A l’inverse, croire et vivre comme si on ne pouvait compter que sur soi, entraîne des relations basées sur la lutte de pouvoir, la compétition et la performance. Pourtant, il suffit d’une catastrophe, pour révéler notre grande vulnérabilité, ne serait-ce que face à la nature, pour que la solidarité apparaisse. « Dès que le souvenir de notre mortalité refait surface, on se traite avec davantage d’attention » décode la psychiatre.

Par ailleurs, la qualité de nos relations mise sur la reconnaissance de nos différences, comme autant de zones de fragilité. « Quand on ne sait pas qui est l’autre, que ce soit un homme pour une femme, ou un Malien en grève quand on est chef d’entreprise, le seul moyen de rentrer en contact est d’accepter cette zone de fragilité et d’inconnu, pour écouter » assure la psychiatre. Selon Elena Lasida, « la fragilité devient alors un passeport vers un véritable travail collectif » tant sur le plan amoureux que social.

Se monter fragile, un apprentissage…

L’accès à la fragilité nous est interdit souvent dès l’enfance. Que ce soit quand on tombe, lors de la séparation avec un parent ou de la perte d’un animal domestique, les sensations comme les sentiments qui y ont traits sont souvent niés.
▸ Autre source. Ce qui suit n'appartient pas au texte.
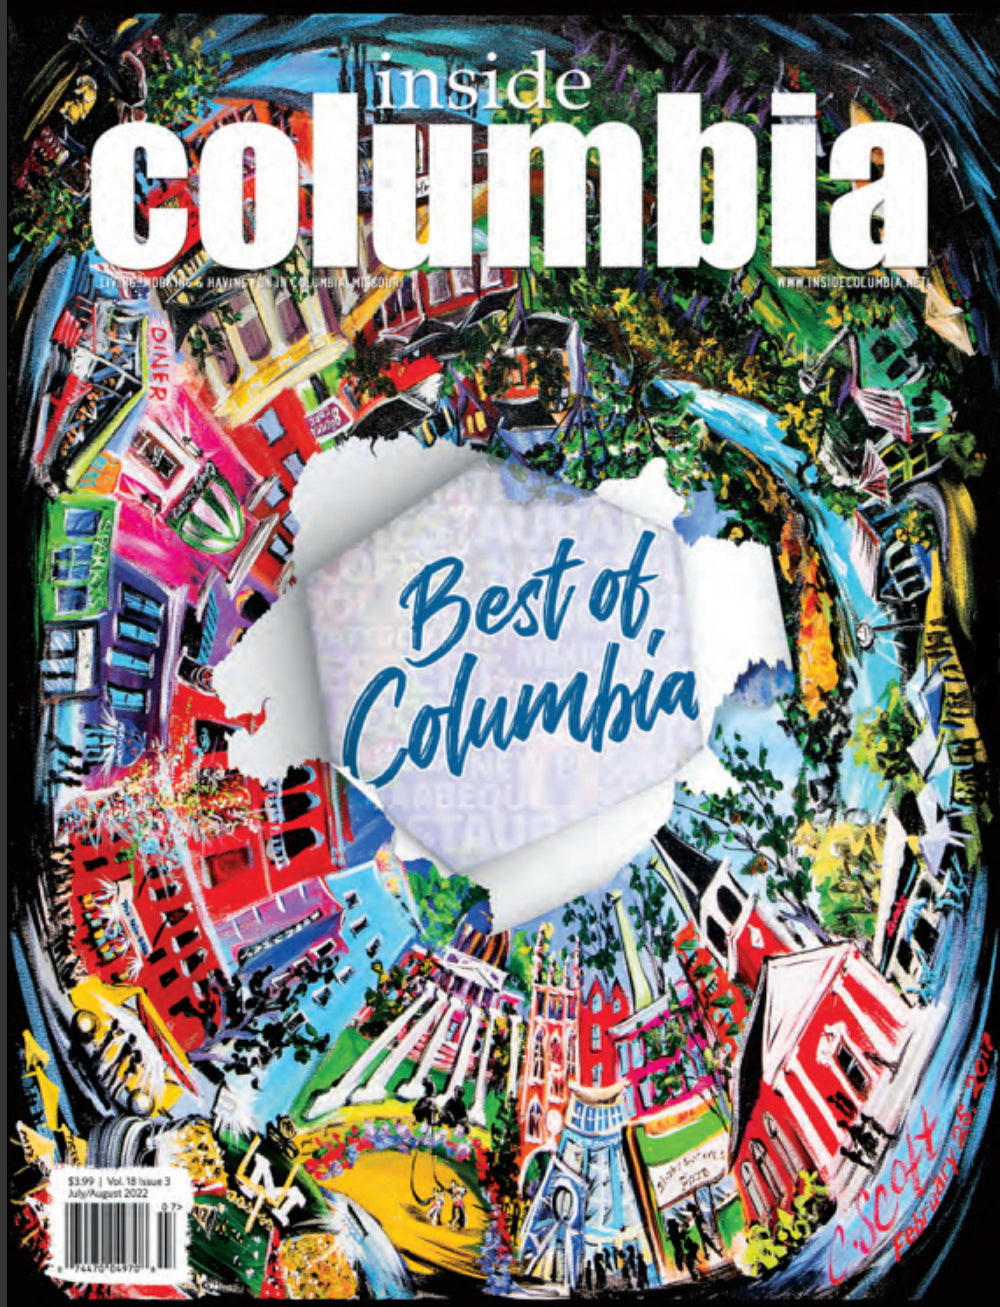 AroundTown Columbia, 12x12 color print, featured on the cover of Inside Columbia magazine

Pouvoir à nouveau montrer sa vulnérabilité va passer par les reconnaître à nouveau.

Une fois adulte, il va falloir réapprendre à se sentir plus faible, c’est-à-dire moins performant en cas de rupture amoureuse, de deuil aussi, ou de maladie, si elle se déclare. Nier l’impact de certains événements peut nous affaiblir durablement, alors que le partager va créer du lien, voire inciter l’autre à vous soutenir, et donc à recouvrer nos forces…

Il est courant aujourd’hui de s’appuyer sur le savoir, celui acquis à l’école ou dans une grande école, pour nous protéger de tout ressenti qui fragilise. Alors qu’il suffit de faire l’expérience de notre vérité, pour se rendre compte, qu’au final, nous sommes tous logés à la même enseigne, quel que soit notre statut social… L’avouer pourrait nous éviter bien des tensions.
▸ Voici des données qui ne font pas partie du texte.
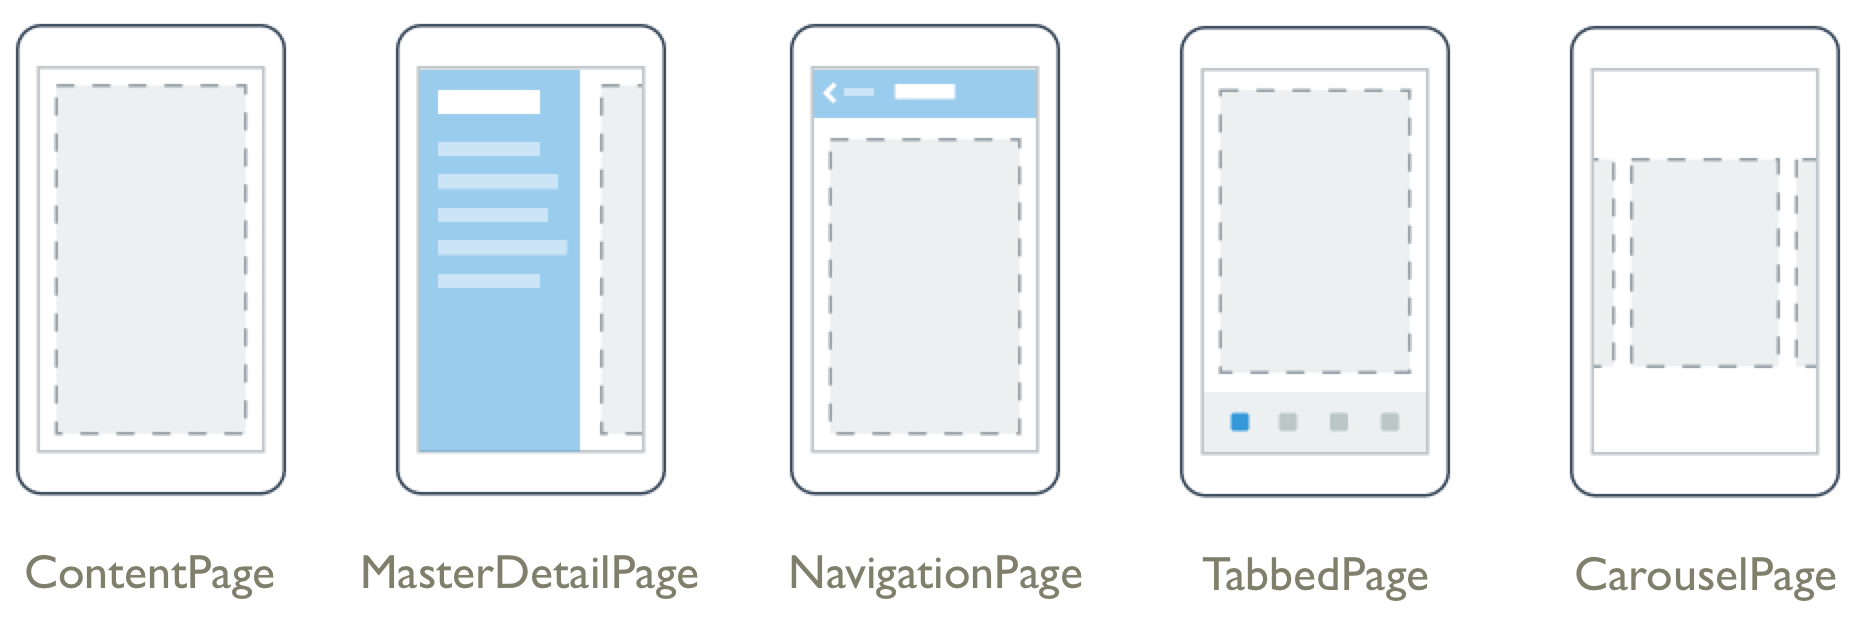 Xamarin.Forms Types de pages

La dépression : attention fragile !

Une des grandes manifestations d’une fragilité non reconnue est sans doute la dépression. Les médecins, tout comme l’entourage, s’empressent de l’annuler, alors qu’elle demanderait à d’être prise en compte. « La volonté de guérir la dépression, au lieu de l’accompagner, l’empêche d’avoir lieu » prévient la psychiatre.

Celle-ci rappelle qu’une très grande fragilité se manifeste à chaque métamorphose d’un être, comme les mues pour les animaux. A ce titre, la dépression peut être aussi décodée comme un appel. Celui d’un être fragile qui demande à rentrer dans un autre monde, celui de la relation, de la parole, de l’alliance et d’être reconnu pour ce qu’il est, et non ce qu’il croit qu’il devrait être.

Et c’est là que réside le problème. Accepter sa fragilité, et en parler avant qu’elle ne nous submerge demande aussi de refuser de s’inscrire dans une société désireuse d’offrir le seul visage de la santé, de la jeunesse et du succès.

C’est sans doute le plus difficile ! Mais, soulève la psychiatre : « Avons-nous vraiment d’autres choix, que celui de la condition de notre humanité ? ».

Catherine Maillard

La fragilité ? Faiblesse ou richesse ? De Marie Balmary, et un collectif d’auteurs Éditions Albin Michel.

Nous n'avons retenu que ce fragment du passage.